The effect of treatment with both ITP serum and purified IgG on MK ploidy distribution was assessed in all patients by comparing ploidy levels in the CD41 population after 4 days of treatment in the control and treated populations. Consistent with the observations presented above for serum-treated MK, ploidy distribution was not affected significantly by most ITP sera, except for ITP1, ITP2 and ITP3, which caused significant increases in the 2N population and corresponding decreases in the percentages of higher ploidy cells (Figure 4A; Online Supplementary Table S1). Moreover, when the cell area was determined for selected samples, only ITP1, ITP2 and ITP3 demonstrated a significantly reduced average cell size (Figure 4B and Online Supplementary Figure S4), suggesting the presence of more immature cells in these cultures. Sera from group B2 patients had no effect on ploidy distribution (Online Supplementary Figure S2A).

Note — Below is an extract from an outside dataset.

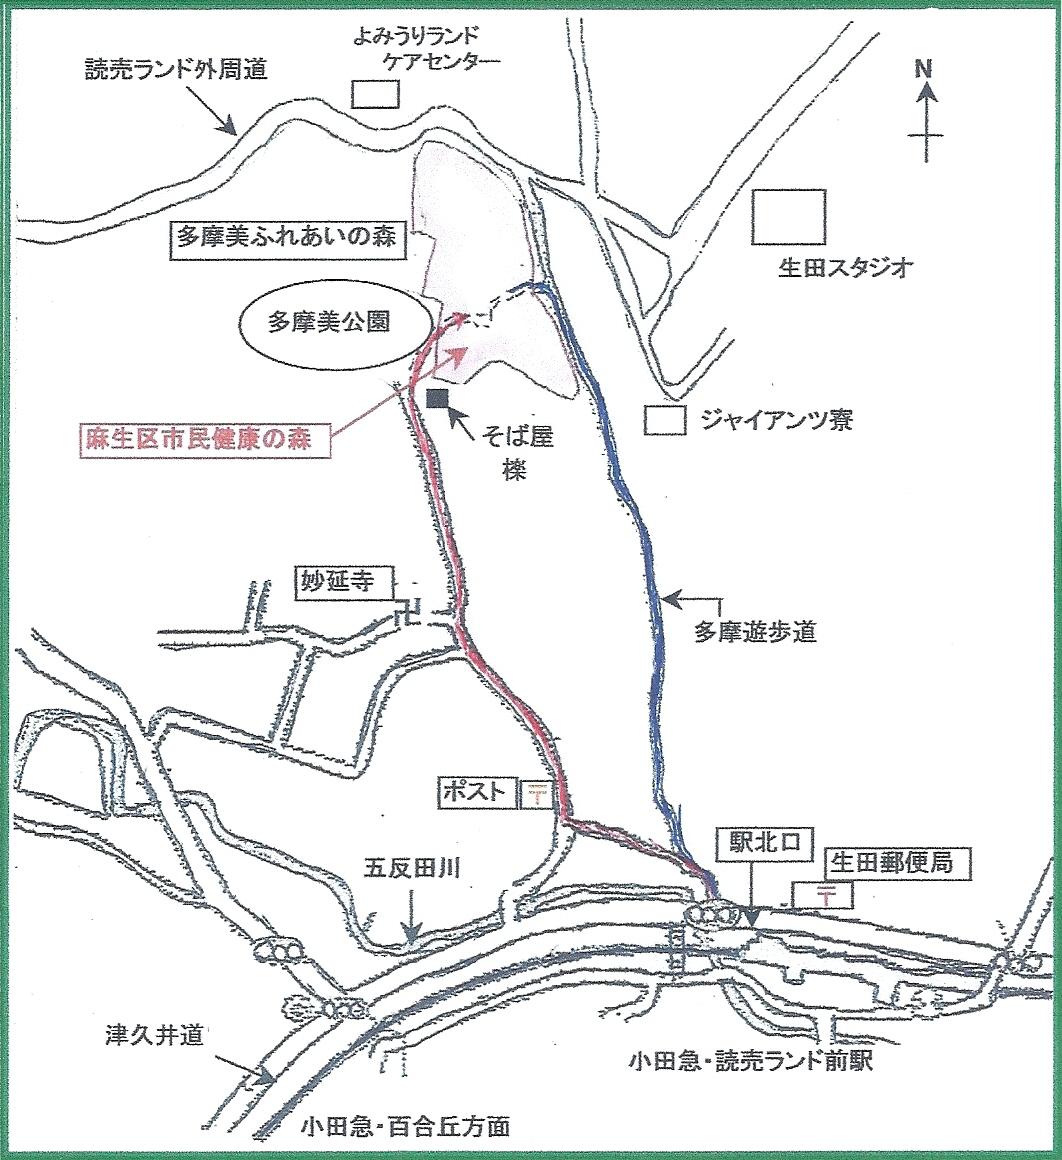 007mano-access

Unlike the shift towards lower ploidy classes observed in MK treated with ITP1, ITP2 and ITP3 sera, incubation with purified IgG from these and all other samples did not affect ploidy distribution (except for a shift towards 2N observed with ITP13) (Figure 4C; Online Supplementary Table S1).

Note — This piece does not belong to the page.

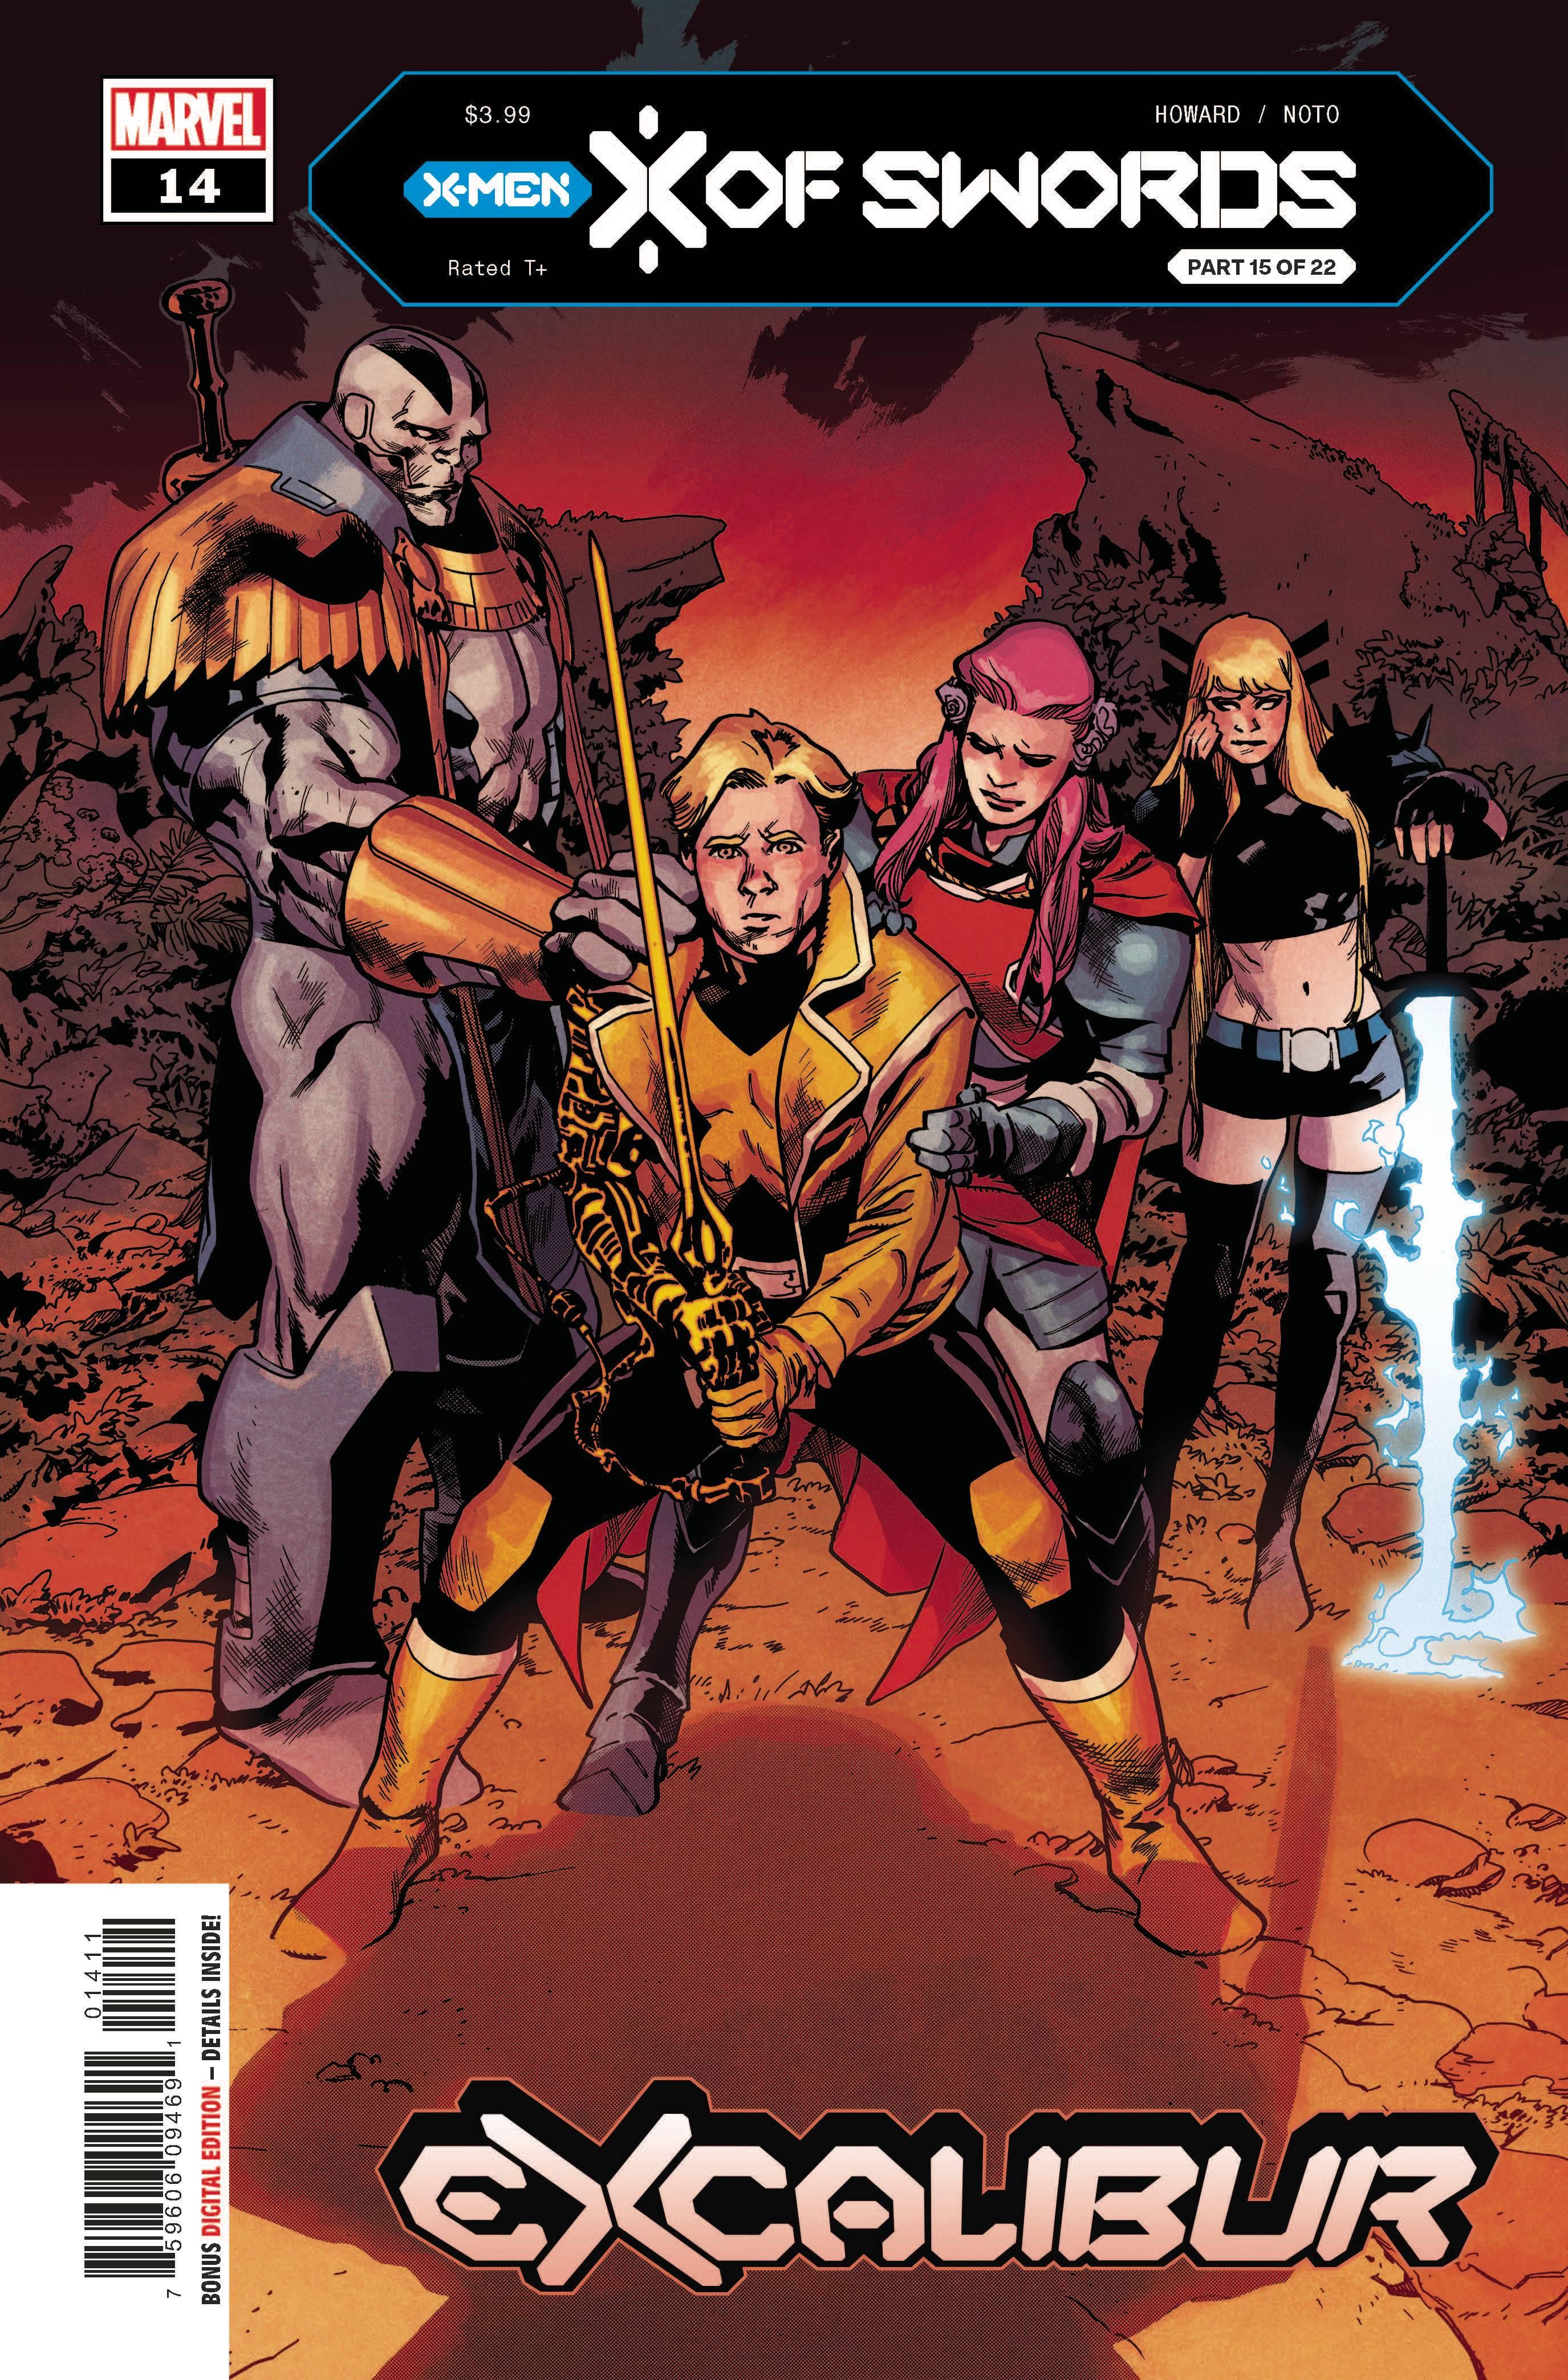 EXCALIBUR #14 - Marvel - Nov 2020 - Asrar

Figure 4.Effect of ITP serum and IgG on MK ploidy distribution and cell size. (A) Representative histograms showing the ploidy distribution of CD41+ cells in populations treated with serum from ITP patients and controls (AB and NS). ITP1, ITP2 and ITP3 show an increase in the 2N population and a corresponding decrease in higher ploidy classes. (B) Treated cells were cytospun on slides, stained with Wright stain, imaged and the cell area calculated (arbitrary units, n=110, except for ITP2, n=88). ITP1, ITP2 and ITP3 had significantly decreased cell area relative to controls (NS1, NS2 and AB). (C) No obvious changes in ploidy distribution were observed after treatment with IgG from all groups. NS: normal serum; AB: normal pooled AB serum. *** P<0.0001.

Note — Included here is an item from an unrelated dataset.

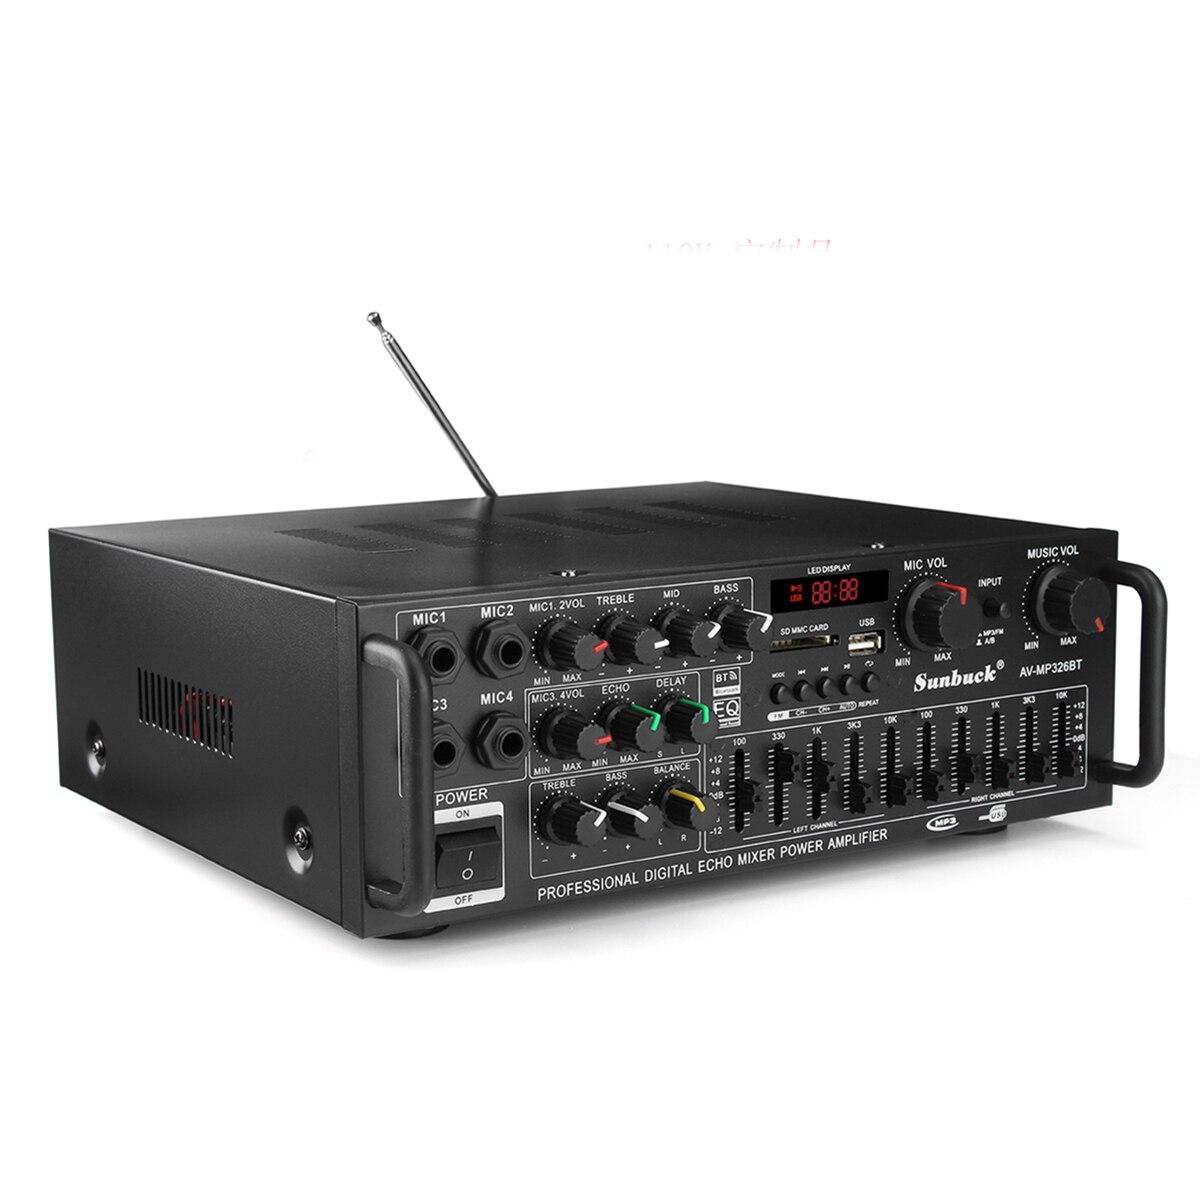 EQ 2000 w 4 ohm 2CH bluetooth Estéreo auriculares bluetooth Digital amplificador de potencia USB 64 GB casa teatro amplificadores - 3

Caspase activation is a feature of MK development and changes in the apoptotic status of MK have been shown to have an impact on proplatelet formation.19 Even though caspase-9 is dispensable for proplatelet formation in mice, intrinsic apoptosis is involved in MK survival20 and alterations of this system are, therefore, likely to affect MK function. Analysis of total caspase activation in the CD41 population revealed strong caspase activation only in cultures treated with ITP1, ITP2 and ITP3 sera (Online Supplementary Figure S2B). However, incubation with IgG from these and the remaining ITP patients did not alter caspase activation significantly (Online Supplementary Figure S2C). Collectively, the data presented here indicate that ITP IgG can affect proplatelet formation independently of changes to ploidy distribution, cell size and total caspase activation.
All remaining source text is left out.